The Prostate Health Index: actual utility still to be defined


Last April we reported on activities related to the development of a test known as the Prostate Health Index (PHI or phi), which has been tested for its potential as a tool to better identify men at risk for clinically significant prostate cancer as compared to men with potentially indolent disease.

In May 2010, Catalona et al. presented additional data at the annual meeting of the American Urological Association, and the full text of the report on their prospective, multi-center trial of PHI in 892 men has just been published online in the Journal of Urology (see Catalona et al. for the abstract.)

Based on the full report, it is apparent to us that the absolute clinical value of the PHI test is still to be determined. While it offers statistically significant results when applied to large numbers of men, its value as a meaningful indicator of risk for a specific individual is much less clear. The authors’ carefully worded conclusion to their paper states that, “The PHI measurement, … may be useful to decrease unnecessary biopsies with improved specificity at various sensitivities for [prostate cancer] detection in men 50 years or older with PSA 2.0 to 10.0 ng/ml and negative DRE findings” [bold italic type added for emphasis].

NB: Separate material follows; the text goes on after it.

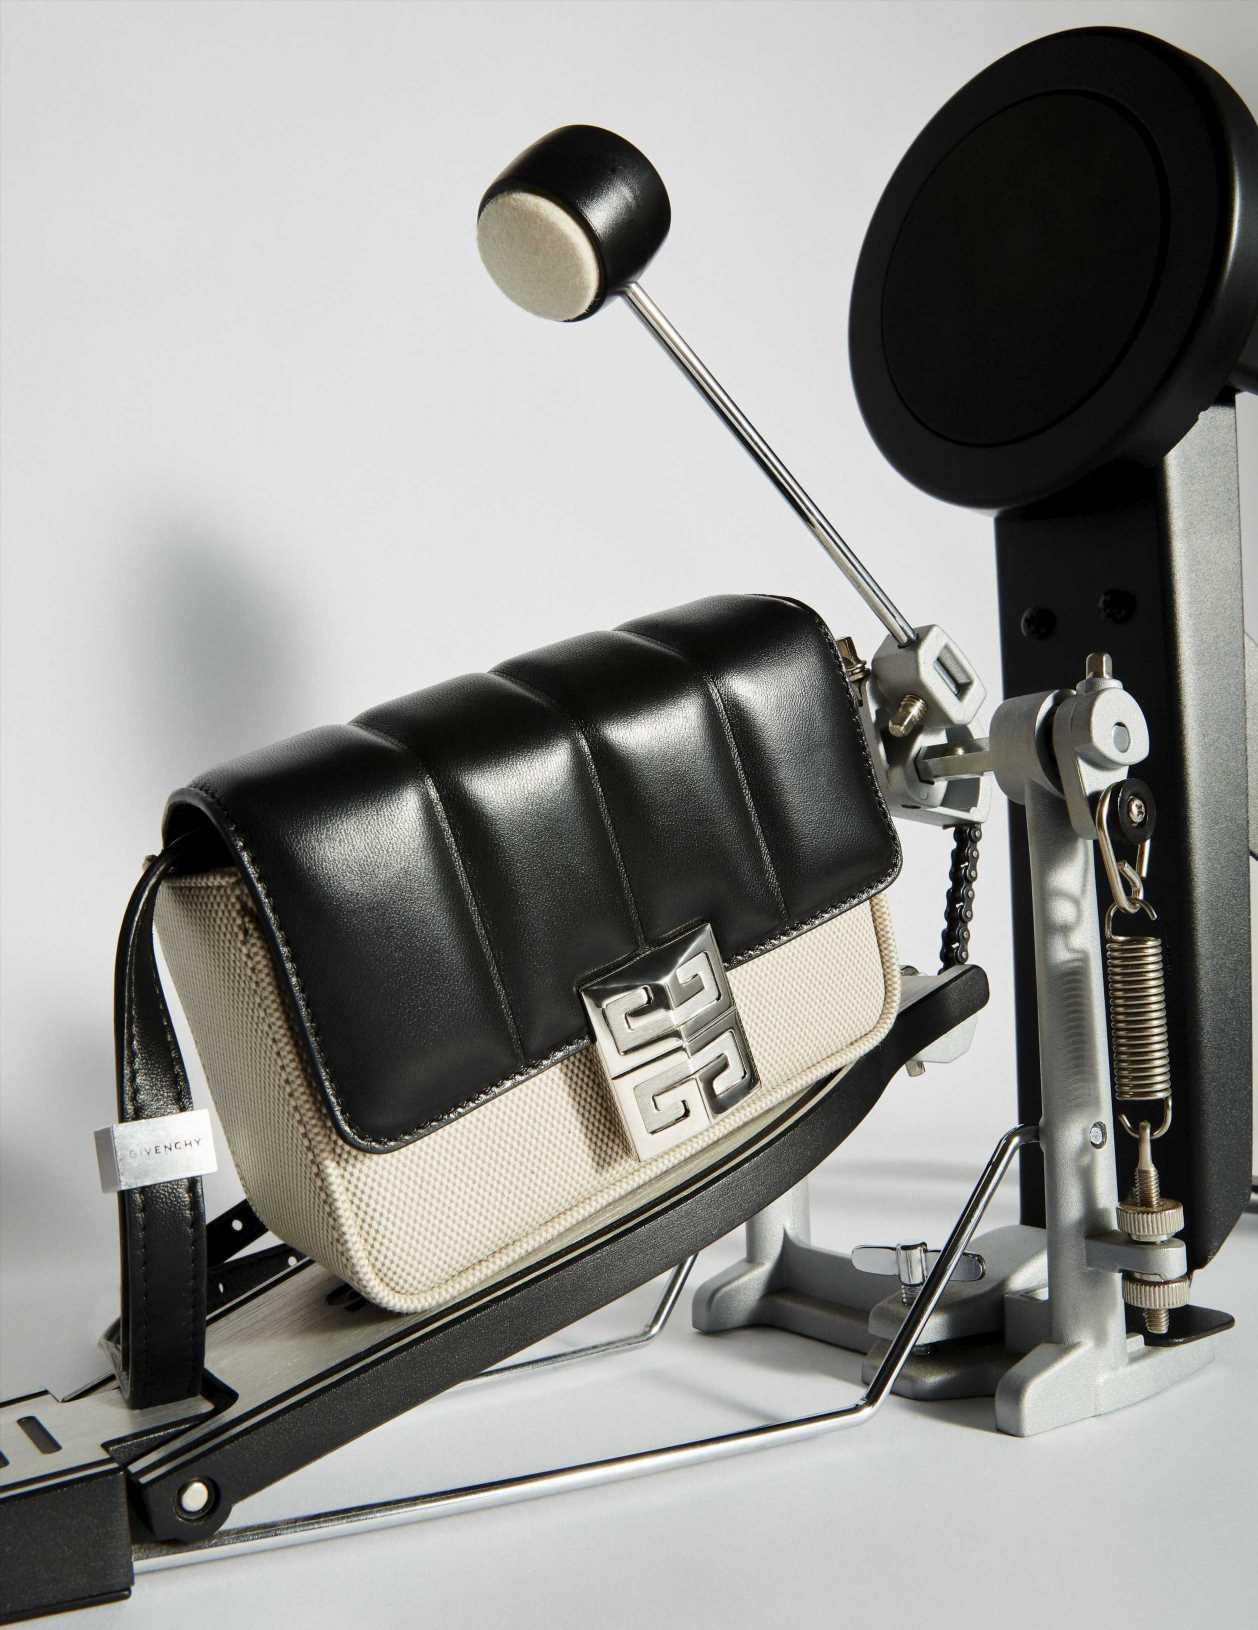 El 4G de Givenchy o el bolso en tendencia en el que invertir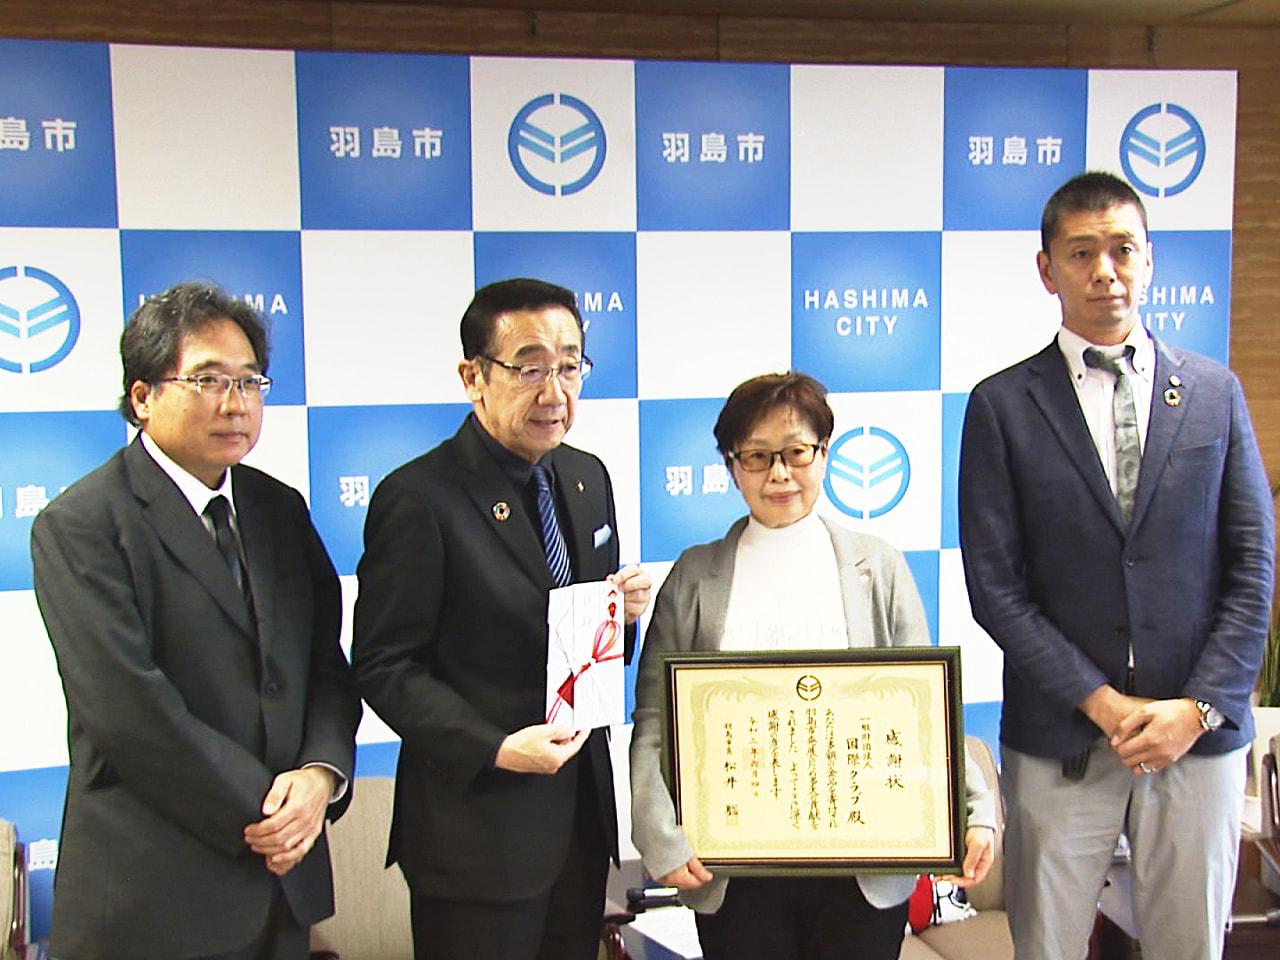 新型コロナウイルスの感染対策に役立ててもらおうと、岐阜県羽島市の国際クラブが羽島...

It is important to appreciate that this multicenter trial of the PHI test only encompassed the role of the test up to and including the results of a prostate biopsy in men considered to be at potential risk for prostate cancer. We have no real idea (as yet) whether the test can accurately identify men who can be confirmed as high risk based on the outcomes of a radical prostatectomy.

The degree to which levels of the [-2]pro-prostate specific antigen (2pPSA), which is a key component of the PHI test, can be used to help identify risk for either prostate cancer in any form or aggressive forms of prostate cancer in particular is still being studied. The concern of The “New” Prostate Cancer InfoLink is whether the extensive attempts to better use data from PSA isoforms and bound and free PSA in different types of tissue is really going to get us to any test that can truly differentiate between indolent and aggressive forms of this disease, or whether we would be better advised to look at very different areas of research in order to identify such discriminatory tests.